Contributing to the debate about the role of banks in AML, Favarel-Garrigues et al (2011, p. 192) found that banks have assumed more responsibility in the AML regime since 2001. A new interdependence between banks and law enforcement can be observed which consists of new complex interactions that stem from the aggregation of diverse motivations and logics within the AML regime. For example, regulators and organisations can be motivated to preserve the international financial system or to combat terrorism. Private actors on the other hand, are, at the very least, motivated to comply with AML policies in order to avoid being sanctioned.
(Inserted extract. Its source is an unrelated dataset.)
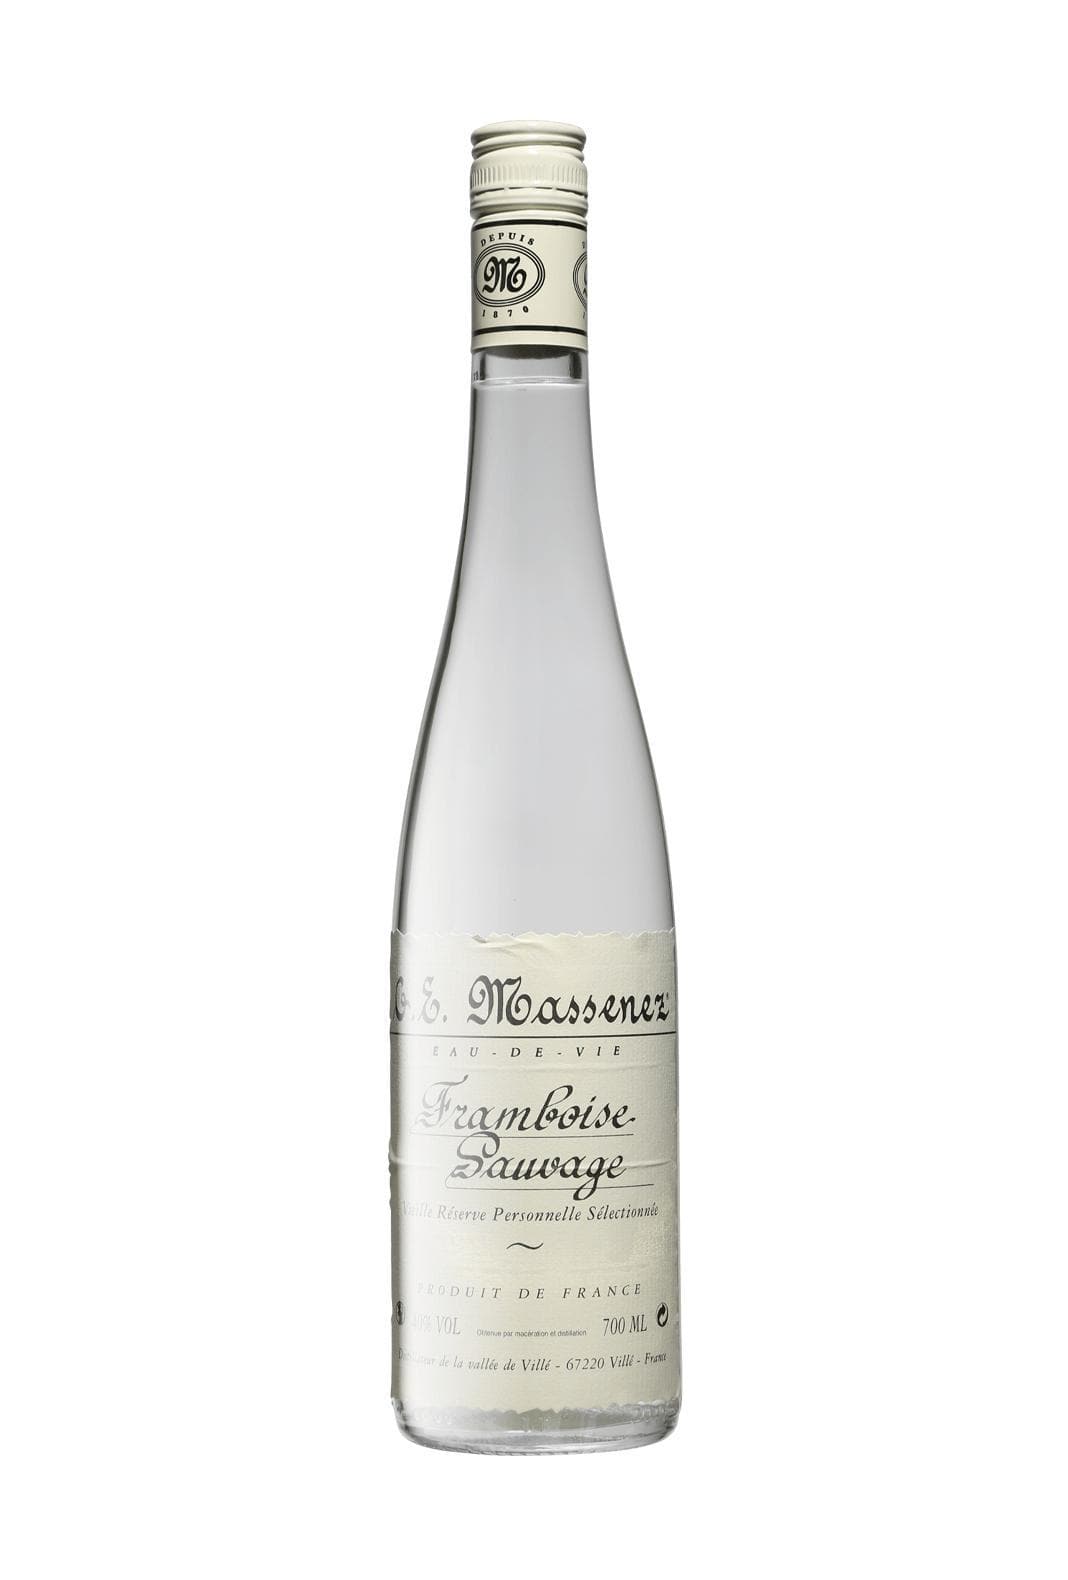 Massenez Eau de Vie Framboise 'Sauvage' 40% 700ml | Liqueurs | Shop online at Spirits of France

But despite being forced to comply with governmental requirements which potentially conflicts with profit-driven incentives, banks are now involved in “intelligence-led policing missions” and contribute to anticipating money laundering risks and influence decisionmakers.

However, from Yeoh’s (2019, p. 1) work it can be inferred that it might be unwise to place such responsibilities on private actors such as banks. He finds that the bank’s role as a profit-driven institution and simultaneously as gatekeeper of the financial system creates diverging incentives that hinder the pursuit of both objectives. The study found that “competitive pressures, shareholders returns imperative, and lucrative misaligned incentives for management” hinder banks’ compliance with, AML legislation.

Adding to these conclusions, Helgesson and Mörth (2018) highlight the underlying assumptions about the nature of anti-money laundering and the risk-based approach that private actors ought to take in anticipation of money laundering risks. By framing crime as a risk, it is implied that these risks are knowable to private actors and passes on the responsibility of assessing what is ‘risky’ and ‘reportable’ to these actors, although faulty risk-management is also blamed on them. To conclude, it is argued private actors may be reluctant to comply with AML regulations as it may conflict with other interests and obligations which represent a tension between compliance and commerce, which Favarel-Garrigues et al (2011) and Yeoh (2019) have also pointed out.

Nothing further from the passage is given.